Налила, поставила перед ним стакан, блюдце с несколькими кусками сахару. Он пил, глядя на нее, и она не спускала с него глаз, отпивая из своей чашки. Так молча допили до конца. А потом Лиза тихо, очень тихо сказала:

— Юрик, нам не надо больше встречаться.

— Почему? — вскинулся он.

— Не надо… Я ведь вижу… И прошлый раз и сейчас…

— Что ты видишь?

— Вижу… Сидишь у меня, а мысли твои далеко-о-о, — протянула с грустной улыбкой. — Я ж понимала, Юрочка, что у нас долго не может продолжаться, и ты понимал, ну, побаловались — и хватит… Сладкого много нельзя, потом горчить будет… Ты ж умный, Юрочка, ты лучше меня все понимаешь, я ведь и объяснить толком не могу, только чувствую, а ты и словами можешь, только не надо, тут слова не нужны…

В ее глазах стояли слезы.

— Лиза, — сказал Иноземцев, растерянный, застигнутый врасплох. — Лиза, с чего ты взяла… — Он оборвал себя. Хитрить не умел, да и не хотелось хитрить. — Лиза, милая, у тебя тонкое чутье…

— Собачье, — улыбнулась она сквозь слезы и наклонила голову.

— Ты верно учуяла мою раздвоенность, — продолжал он серьезно. — Пришло письмо от девушки, с которой я раньше переписывался, а потом…

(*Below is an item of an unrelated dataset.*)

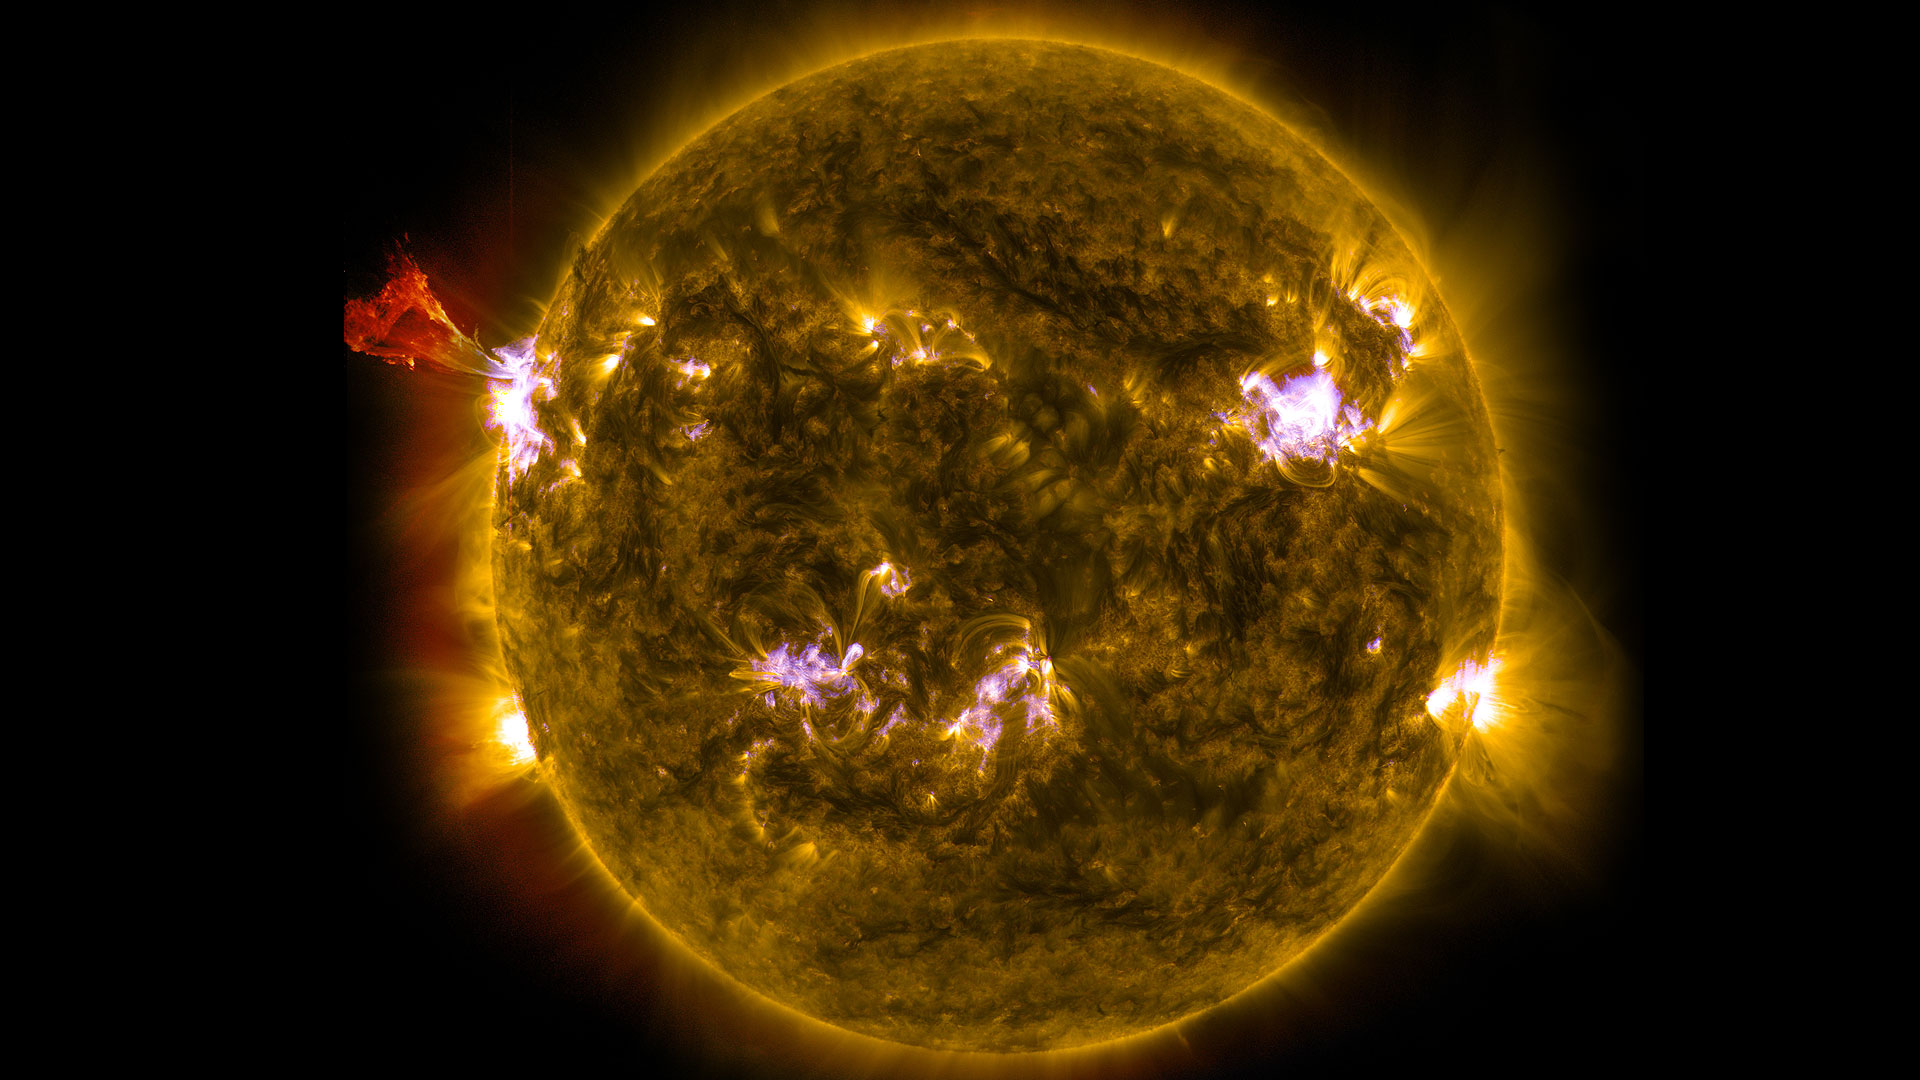 Le Soleil vu par Soho. APOD, 20/06/2004 Image prise par le satellite Soho.

— Ничего не надо объяснять, — быстро сказала Лиза. — Поздно, Юрочка, понимаешь, поздно.

— Что — поздно?

— Слишком поздно я тебя встретила, и нельзя мне было… а я, как дура… не могла себя удержать… — Теперь она плакала открыто, спрятав лицо в ладони. Вьющиеся кончики ее рыжеватых волос вздрагивали.

Иноземцев подошел к ней, погладил по голове. Душа его была полна сострадания. Лиза порывисто поднялась и прильнула к нему всем телом, закинула полные руки ему за шею. От долгого-долгого поцелуя у него загорелась кровь.

— Нет. Нет. Нет. — Лиза помотала головой, не раскрывая глаз, потом резко оттолкнула его. — Уходи, Юрочка… А то я не смогу от тебя оторваться… Уходи, уходи…

В коридоре он надел шинель и фуражку, помедлил немного:

— Будь счастлива, Лиза.

— И ты… Вспоминай иногда…

— Всегда буду помнить, — сказал он. — Сколько проживу, никогда не забуду.

Щелкнул замок на двери. Иноземцева объял промозглый холод лестницы. Стонали ступеньки под медленными шагами.

Он шел по пустым улицам, под плачущим кронштадтским небом. Горло было сжато спазмом, и опять всплыла эта песня из неведомых глубин души, из неисчерпанных глубин войны:

Темная ночь, только пули свистят по степи,

Только ветер гудит в проводах…

В сорок втором подводники Балтфлота ударами своих торпед существенно нарушили оперативные перевозки противника. Немалое количество войск и боевой техники, тысячи тонн боеприпасов, горючего и других видов снабжения не дошли, не доплыли до армейской группировки «Север», осаждавшей Ленинград. Под угрозой оказались перевозки железной руды из Швеции в германские порты.

Берлин, обеспокоенный большими потерями на Балтийском море, предписал военно-морскому командованию принять срочные меры к недопущению таковых в новой кампании. И меры были приняты. Весной сорок третьего, едва сошел лед, противник начал укреплять противолодочные рубежи в Финском заливе. Обе позиции — гогландская и нарген-порккалауддская — были усилены новыми минными заграждениями. По меридиану полу ост ров Порккалаудд — остров Найсаар немцы поставили два ряда противолодочных сетей, сплошным барьером перегородивших залив с севера на юг, по всей его 26-мильной в этом месте ширине на всю глубину.